4.  At what price could you rely on the fund buying back your shares if the other bids vanished?

The fundamental issue behind it all is that usagi wants to run an investment fund but pretend it's a silver shop.  That leads to shares being sold at a price that isn't consistent with selling silver (for the sort of markups being charged I could go buy physical silver with cash with zero delivery time, counter-party risk or fees) but without any published valuation consistent with an investment fund.  So it ends up being neither.

It's all fine and well saying 'investors can pay a share to see what their shares are worth' - but how is that of use to someone who isn't an investor and wants to invest or trade the shares?

So you tell me if you have a clue what usagi is doing:

1.  What price would usagi be selling shares at now if the fund had some spare to sell?
2.  What does each share actually own?
3.  If the answer to 2. is just "1/10th oz of silver" then do the shares have any rights at all to income from cash they don't own? (i.e. the majority of the cash raised from the sales of shares this week).

If usagi's plan is to personally keep all cash raised from sale of shares but give out dividends based on what they raise (but with NO obligation to do so) then he should come clean and say so.  Until then it just remains YOUR guess that's what he's doing - in previous reports it was clear the investment capital belonged to the share-holders.  You seem to say he now personally owns it (by saying the shareholders don't).  That's scary - as he's not even making an effort to repay all Nyan.A investors (which he personally took respondibility to do - but recently lied and denied making such a statement despite not having deleted it), but now people are supposed to trsut his goodwill without even a promise?
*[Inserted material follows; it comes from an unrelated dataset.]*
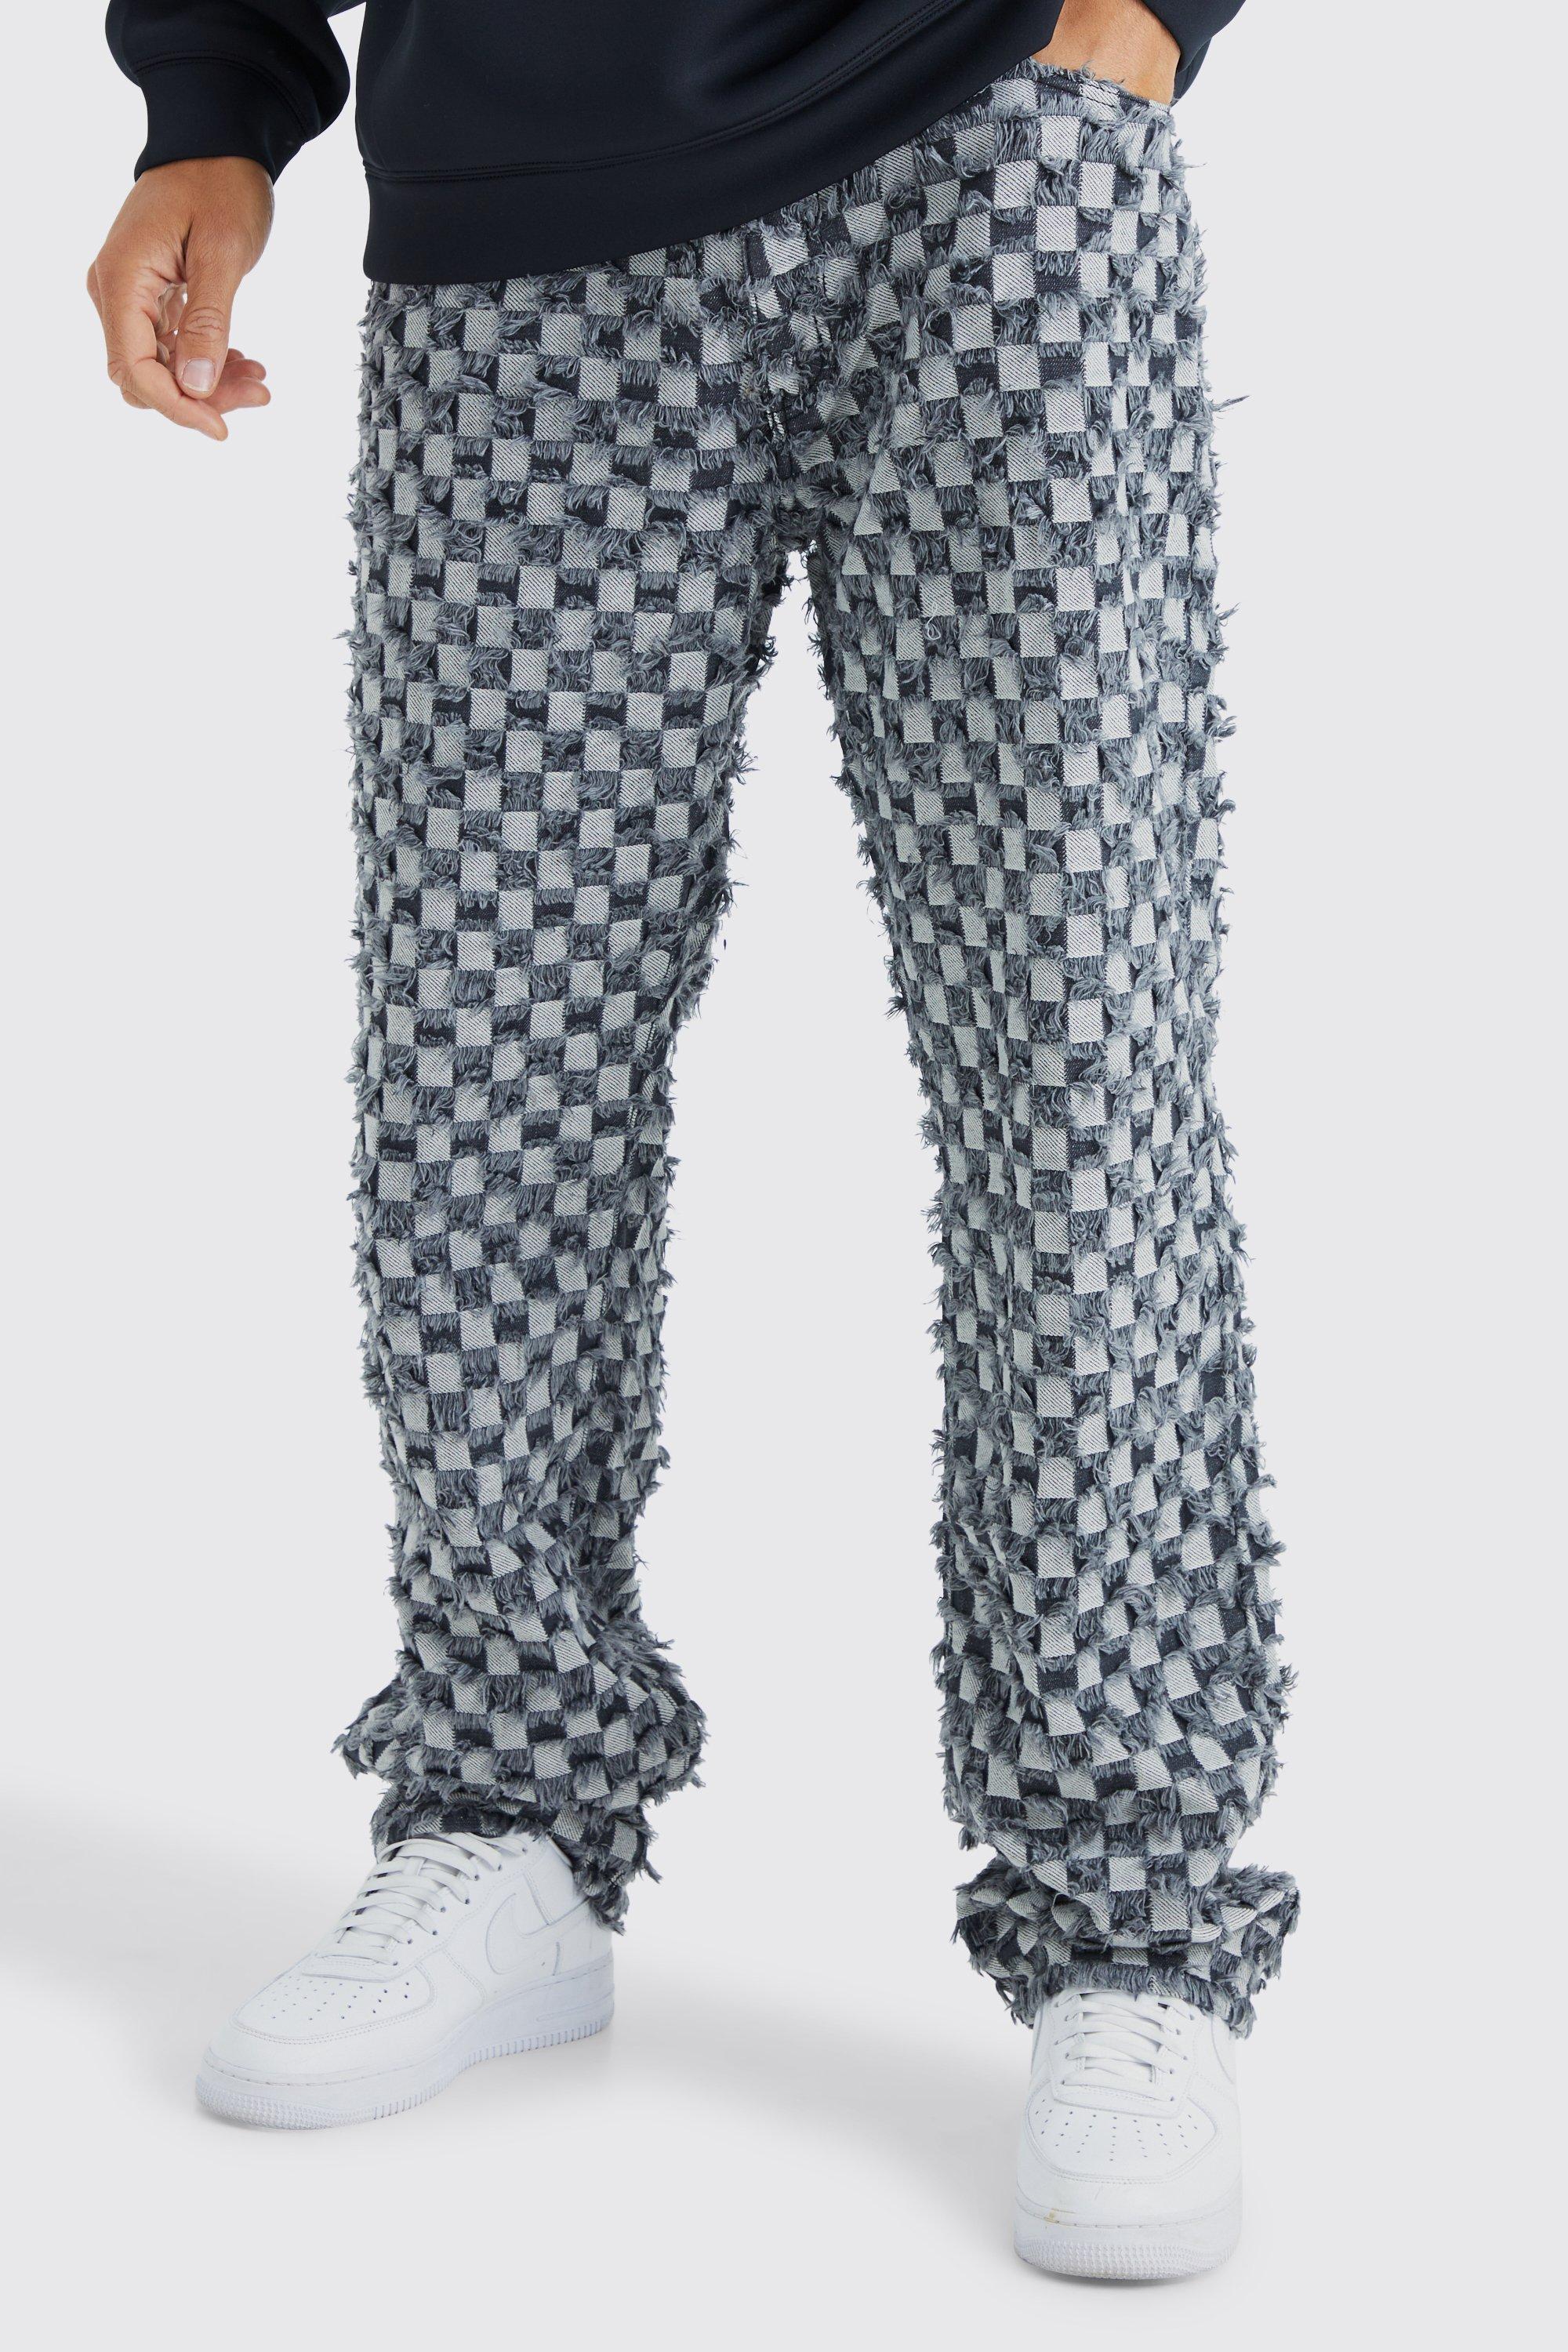 tall - pantalon large à carreaux homme - gris - 40, gris

Interesting though your speculation is, it doesn't match what he said before.  Which doesn't mean you're wrong - it would be out of character for his current position to be consistent with his past statements (he's recently lied about a post he made earlier the same day - claiming he didn't say something when he clearly did 2 posts up in the same thread).

I'm also not that interested in speculative defences of usagi's position.  He can either clearly state what is and isn't the case - or not bother if he believes it isn't information anyone is entitled to know.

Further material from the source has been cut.